Open stevehipwell opened 2 years ago
Does annotating the pods of your longrunning jobs with karpenter.sh/do-not-evict
work for you?
@ellistarn wouldn't this allow more jobs to schedule onto the node and basically make it unterminatable?
The node will still expire and cordon, but it won't start draining until the pod with those annotations are done. @njtran can you confirm?
Yep! If you have a pod with a do-not-evict
annotation, Karpenter will not drain any of the pods on a node, but it will still cordon the node.
A node is not drained if it has a do-not-evict
pod, and we will not terminate a node until that node is considered drained:
Does this fit your use case?
@njtran this fits my use case happy path perfectly, but it opens up a separate concern that the do-not-evict
annotation could keep a node running indefinitely? If there isn't a way to do this already I'm happy to close this issue as being a "didn't read the docs correctly" and open a new issue regarding a do-not-evict
grace period?
Sorry for the delay! You're correct in that if a do-not-evict
pod exists, then Karpenter would never try to scale down the node.

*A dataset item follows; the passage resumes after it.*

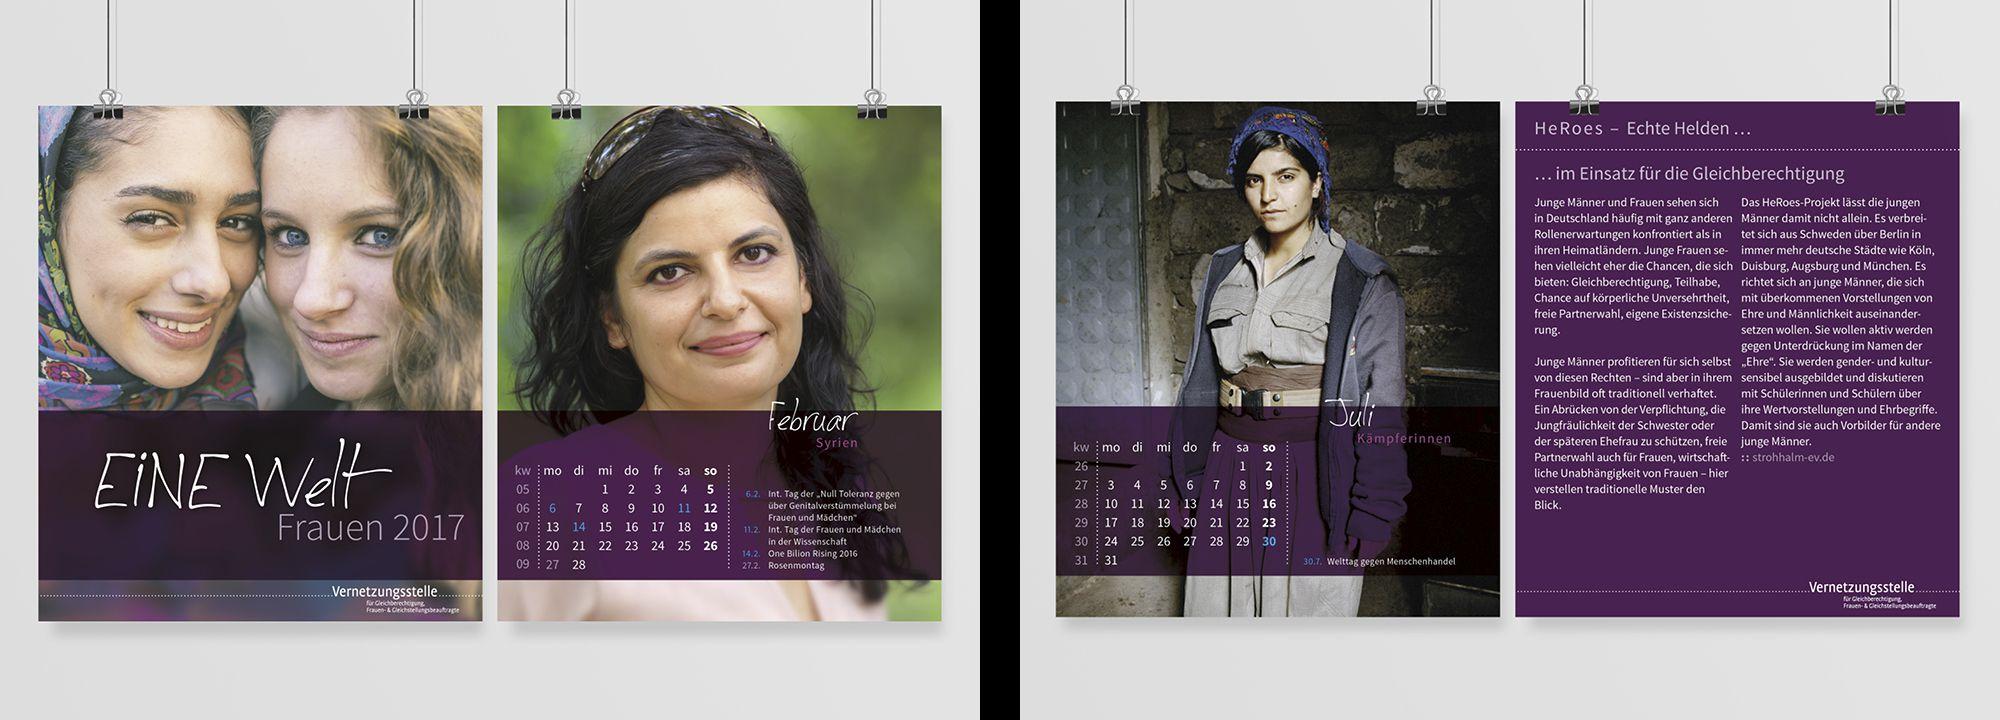 Frauenkalender 2017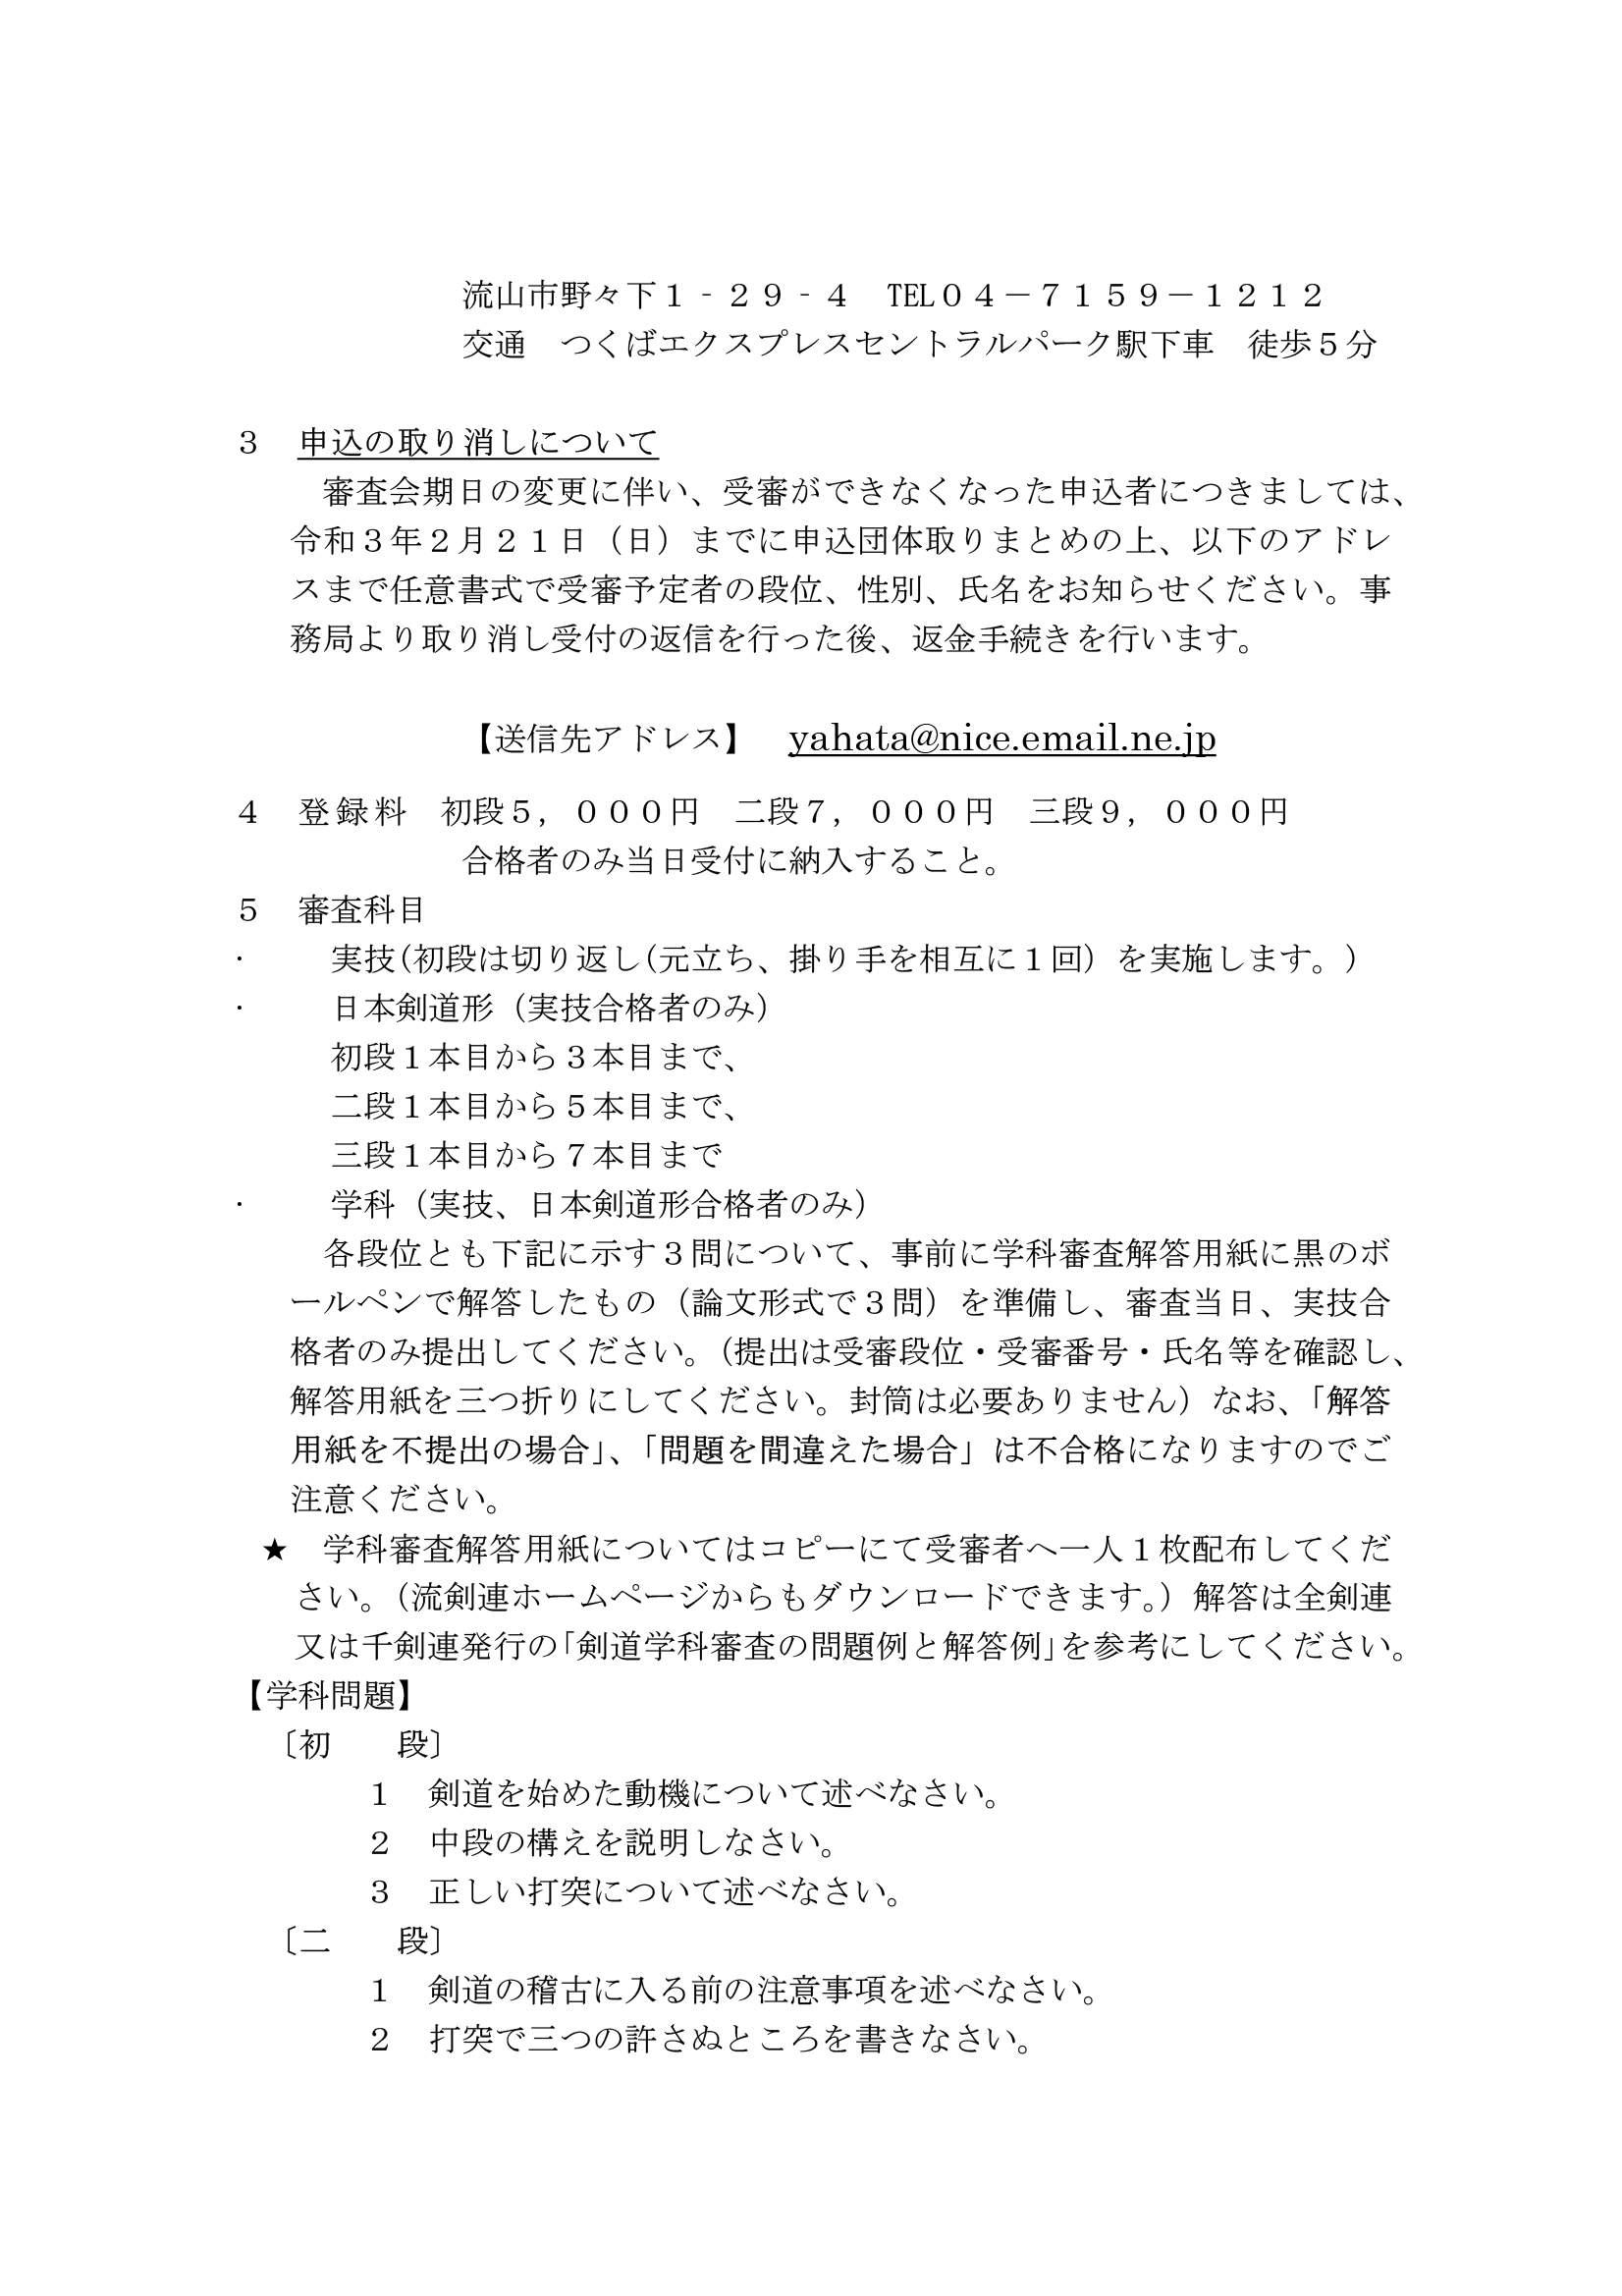 2021.3.28三市合同審査会案内文_0002

open a new issue regarding a do-not-evict grace period?
Could you expand on what you mean here? What's the use-case for having an additional grace period for a do-not-evict
pod? You could programmatically delete these pods once they've completed, which in that case, the node would then be able to be deleted if there were no other do-not-evict
pods.
@njtran fundamentally it comes down to reducing the blast radius. If anyone who can start a container can keep a node running that starts to look like a potential problem. I'd like to know that after a given time, no matter what a user has done, that a node will terminate and be replaced.
additional grace period for a do-not-evict
Is there a difference between this and terminationGracePeriodSeconds
?
I'd like to know that after a given time, no matter what a user has done, that a node will terminate and be replaced.
Even if it would violate a pod disruption budget?
Is there a difference between this and terminationGracePeriodSeconds?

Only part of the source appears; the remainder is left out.